BEGIN

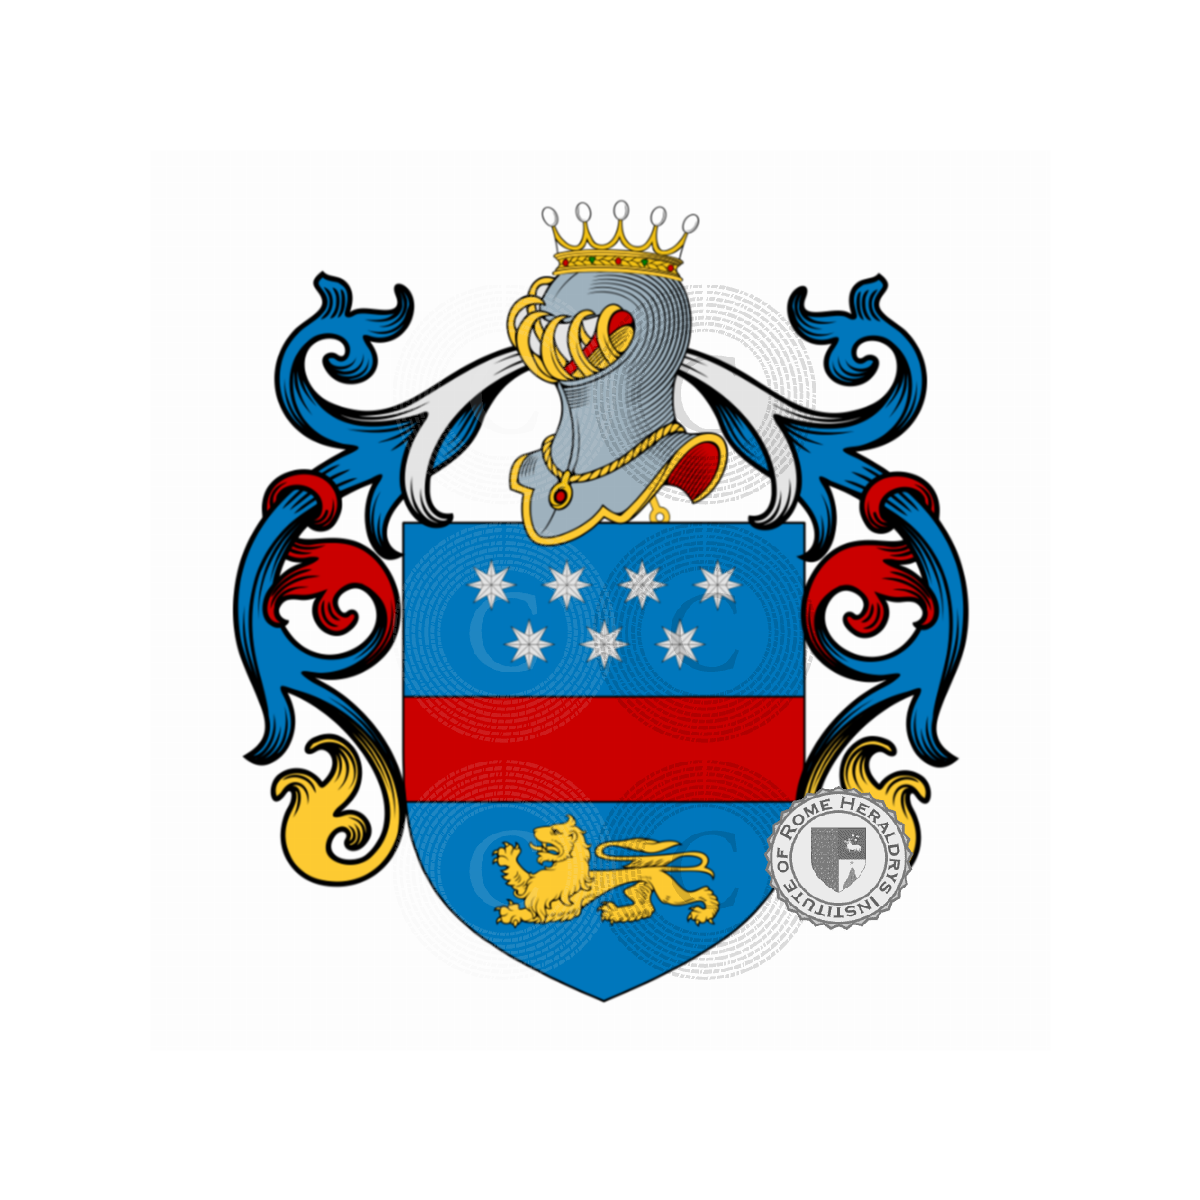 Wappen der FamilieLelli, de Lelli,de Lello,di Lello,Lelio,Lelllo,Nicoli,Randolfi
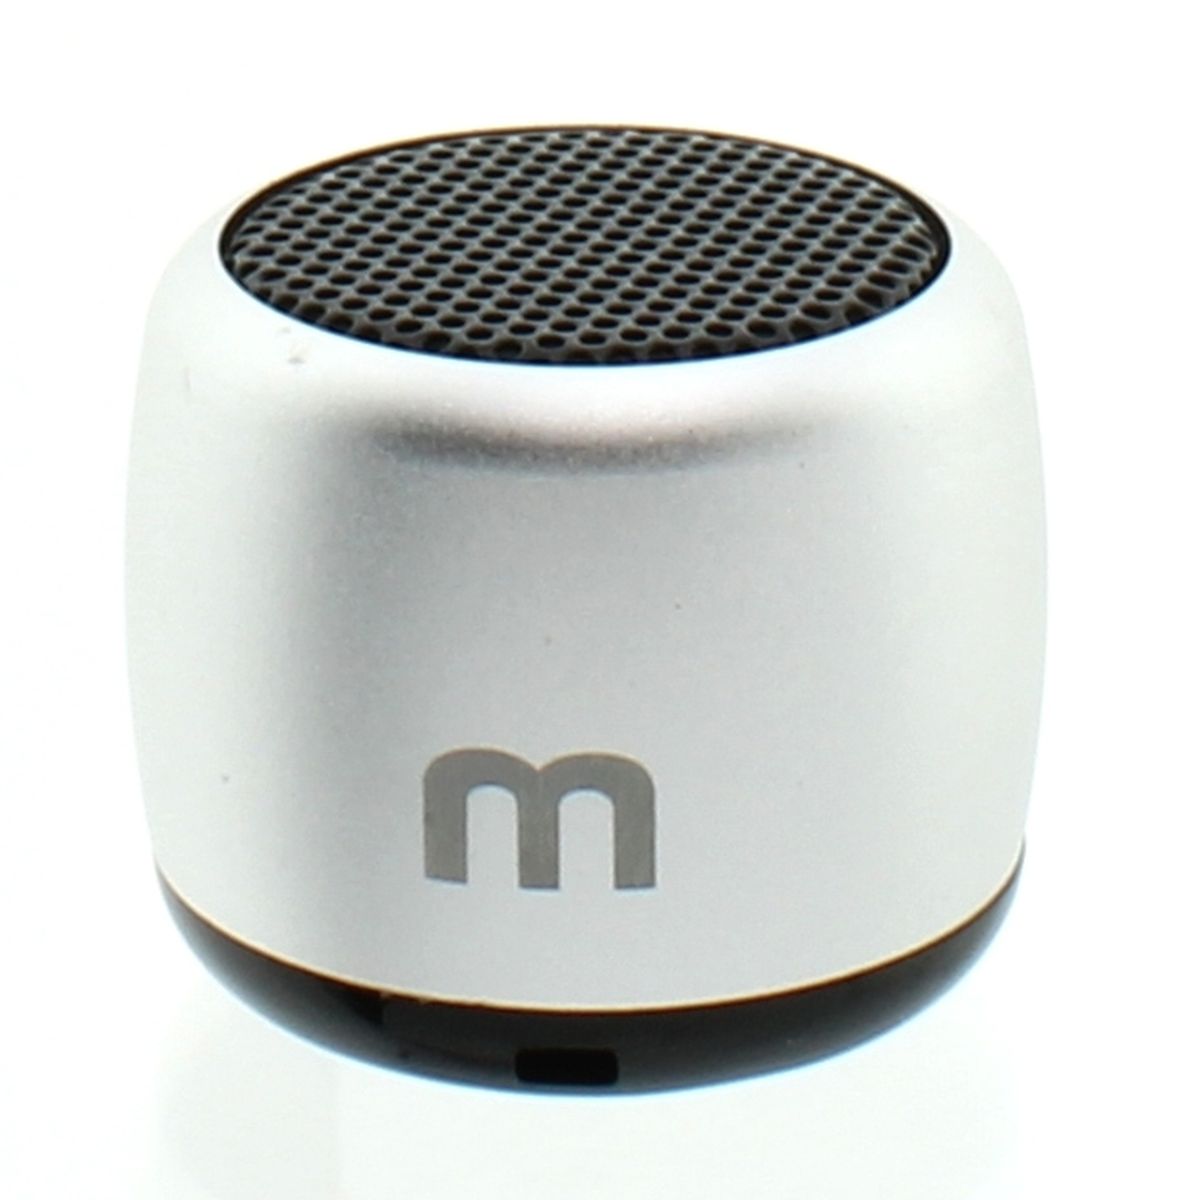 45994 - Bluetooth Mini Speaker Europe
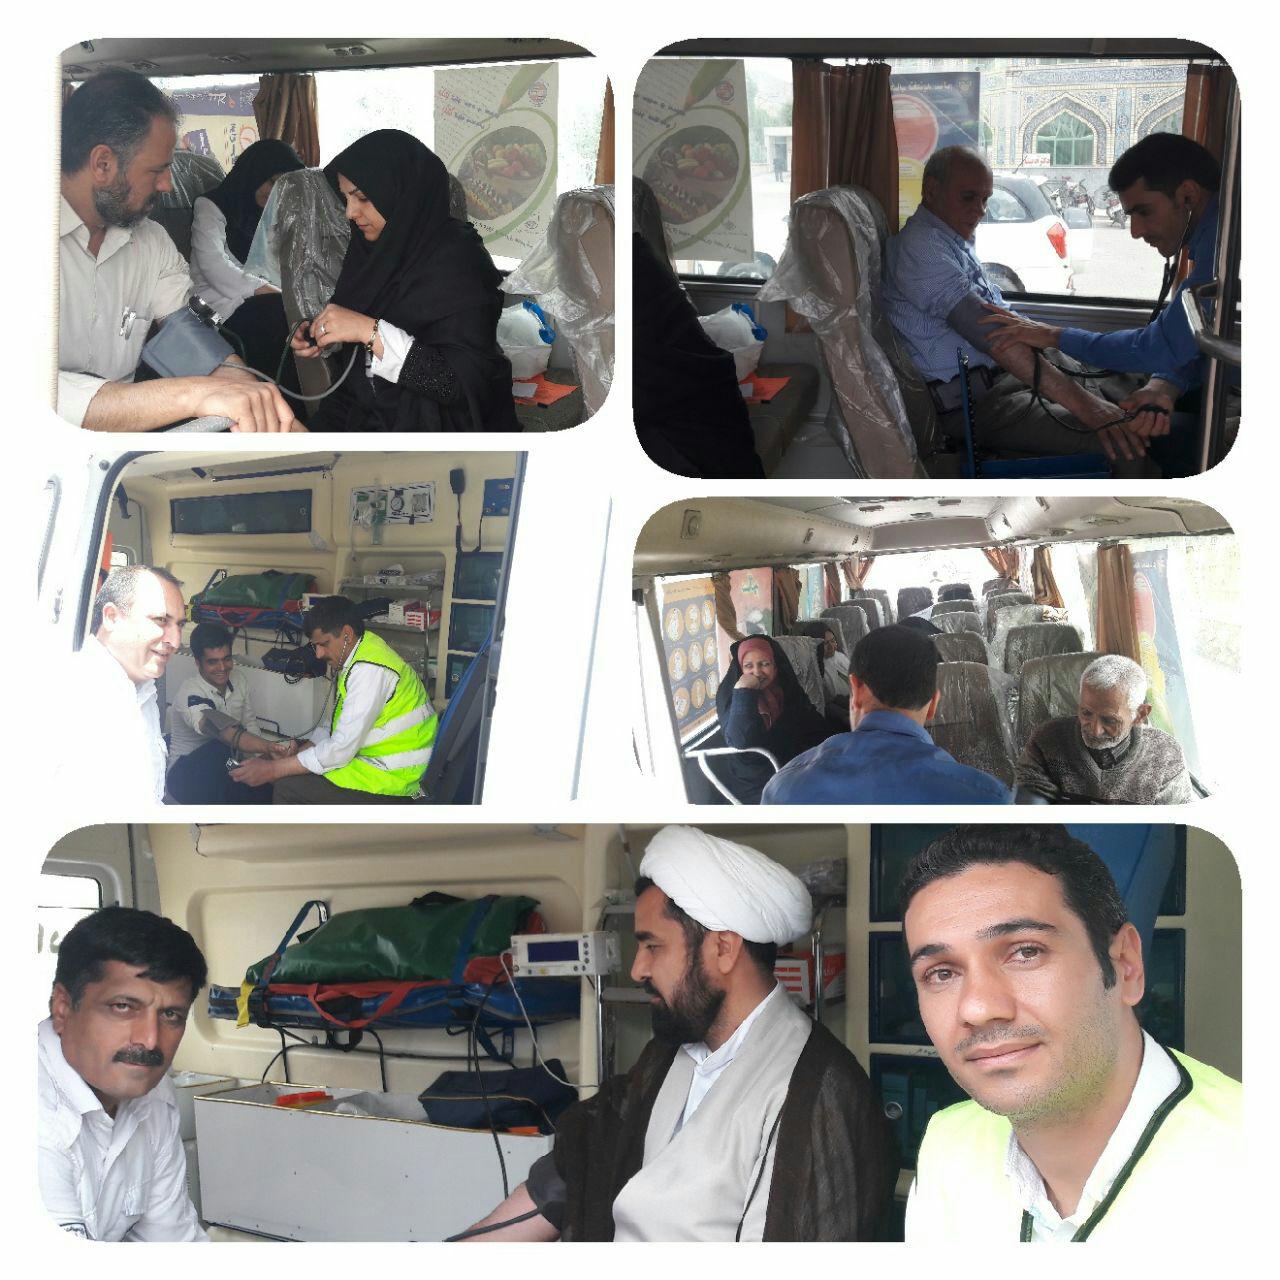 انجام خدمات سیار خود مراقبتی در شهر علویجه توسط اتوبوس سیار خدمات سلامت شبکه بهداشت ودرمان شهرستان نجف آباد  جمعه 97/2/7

END

▶ _Activity_: Copy the lines above exactly and exclude every image.

▶ _Answer section_:
 Wappen der FamilieLelli, de Lelli,de Lello,di Lello,Lelio,Lelllo,Nicoli,Randolfi
 45994 - Bluetooth Mini Speaker Europe
 انجام خدمات سیار خود مراقبتی در شهر علویجه توسط اتوبوس سیار خدمات سلامت شبکه بهداشت ودرمان شهرستان نجف آباد  جمعه 97/2/7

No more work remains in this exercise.